Evidence for a matrix metalloproteinase induction/activation system in arterial vasculature and decreased synthesis and activity in diabetes

Vera Portik-Dobos, Mark P. Anstadt, Jimmie Hutchinson, Mary Bannan, Adviye Ergul

Research output: Contribution to journalArticlepeer-review

123 Scopus citations

Abstract

Pathological remodeling characterized by extracellular matrix (ECM) deposition contributes to the diabetic vascular complications. Matrix metalloproteinases (MMPs) regulate ECM turnover. However, the expression profile of the MMP system in diabetic human tissue remains unknown. The objectives of this study were 1) to identify a local MMP induction/activation system that exists in arterial vasculature and 2) to determine how the MMP system may be altered in diabetes.
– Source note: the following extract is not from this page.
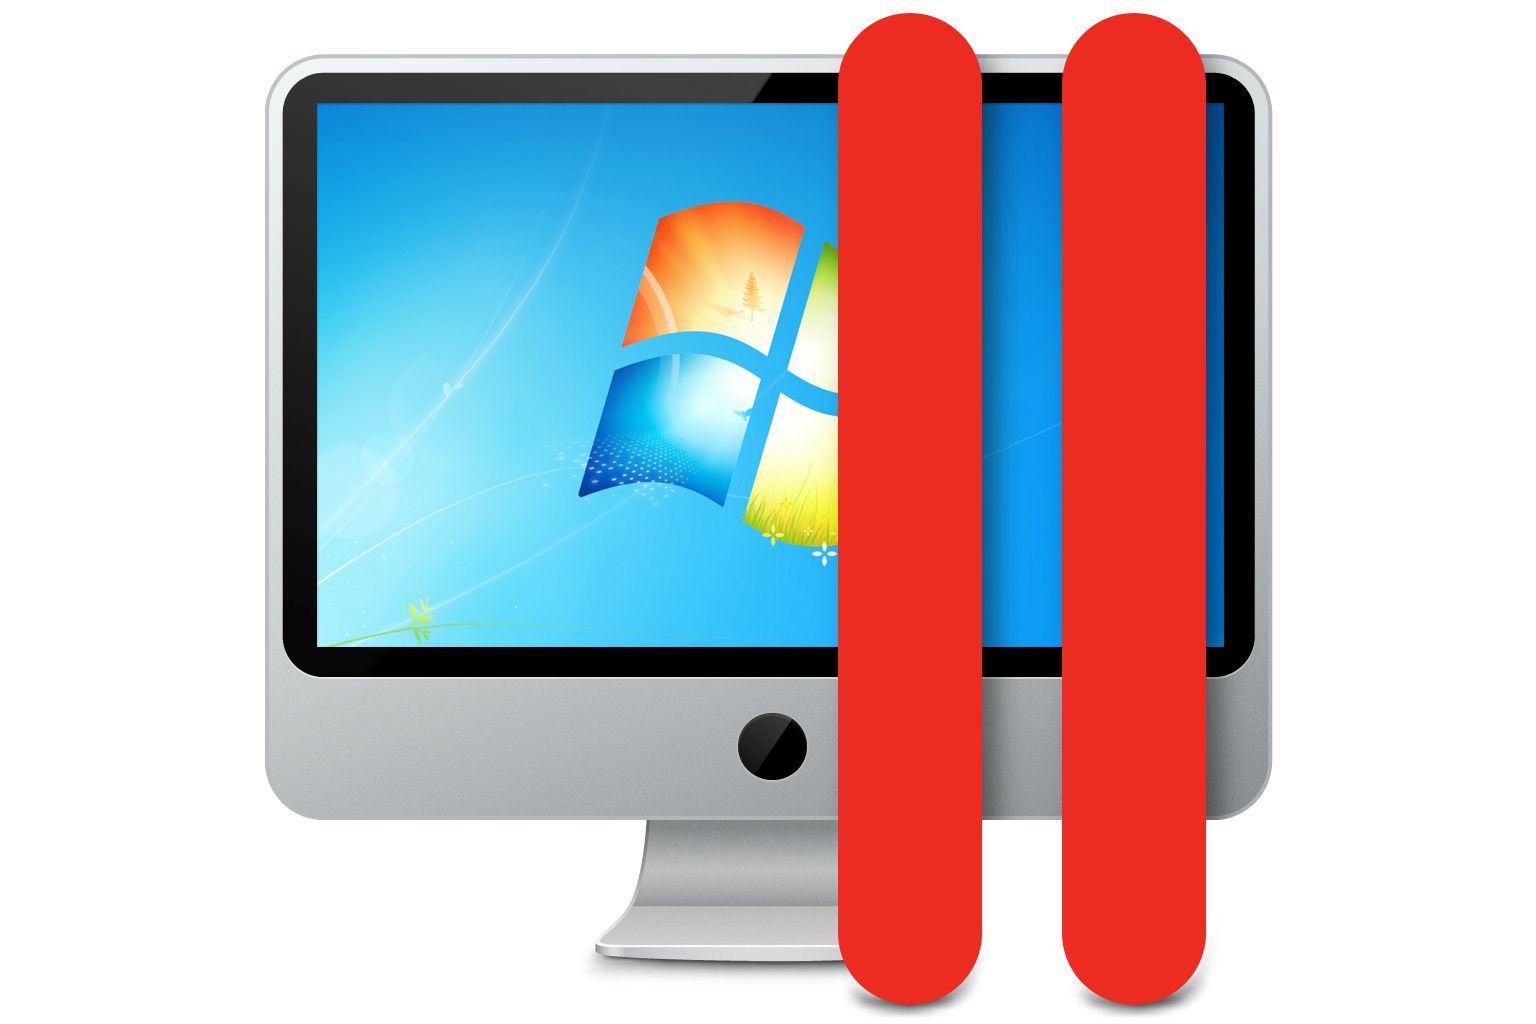 Mac Os X Free Virtualization Software
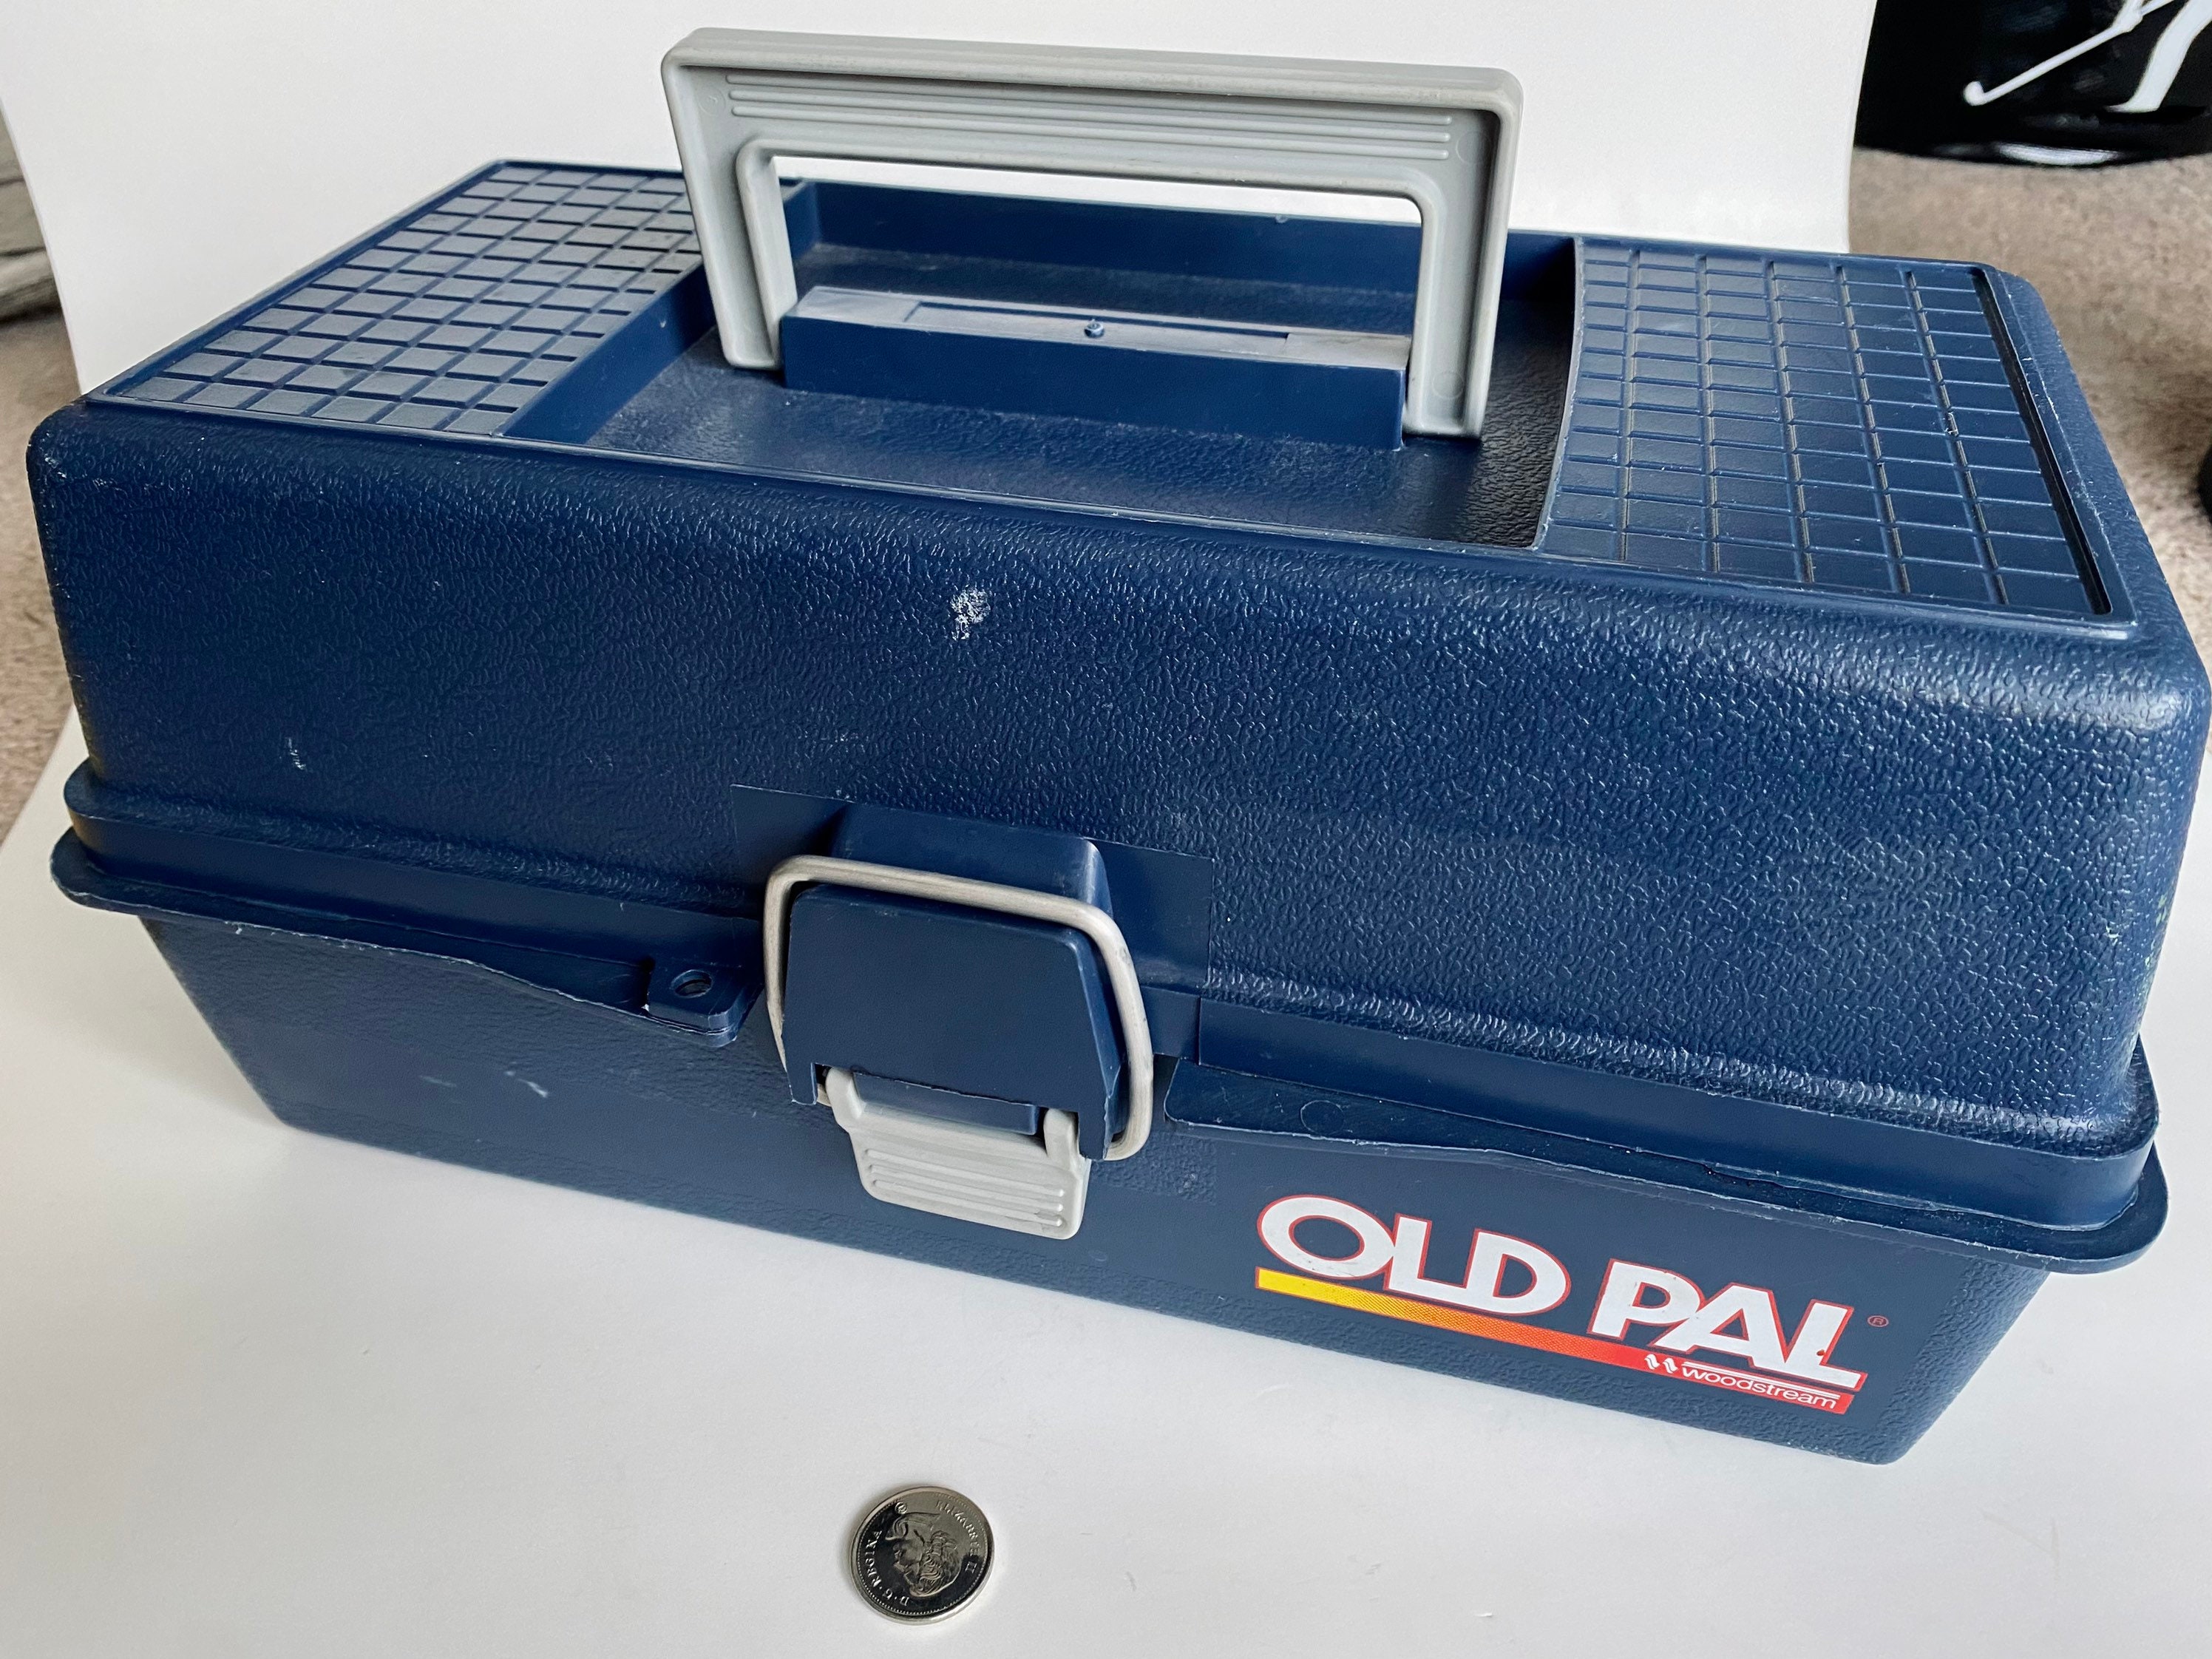 Vintage Tackle Box, Vintage Old Pal Box, Vintage Tool Box, Plastic Crafting  Storage Box, Fishing Tackle Box, Vintage Box, Fathers Day Gift -  India

Internal mammary artery specimens were obtained from patients who did (n = 14) and did not (n = 14) have diabetes and were undergoing coronary artery bypass grafting surgery. ECM inducer protein (EMMPRIN); membranetype MMP (MT-MMP); and MMP-1, -2, and -9 were quantified by immunoblotting and densitometric scanning (pixels). Pro-MMP-1 and MMP-2 levels were decreased from 952 ± 120 and 1,081 ± 508 pixels, respectively, in nondiabetic tissue to 398 ± 62 and 249 ± 42 pixels in the diabetic tissue (P < 0.05). Both EMMPRIN and MT-MMP expression and total MMP activity were decreased by twofold in diabetic patients (P < 0.05). These results demonstrated for the first time that an MMP induction and activation system exists in human arterial vasculature and that it is downregulated in diabetes. Decreased MMP activity may contribute to increased collagen deposition and pathological remodeling in diabetes.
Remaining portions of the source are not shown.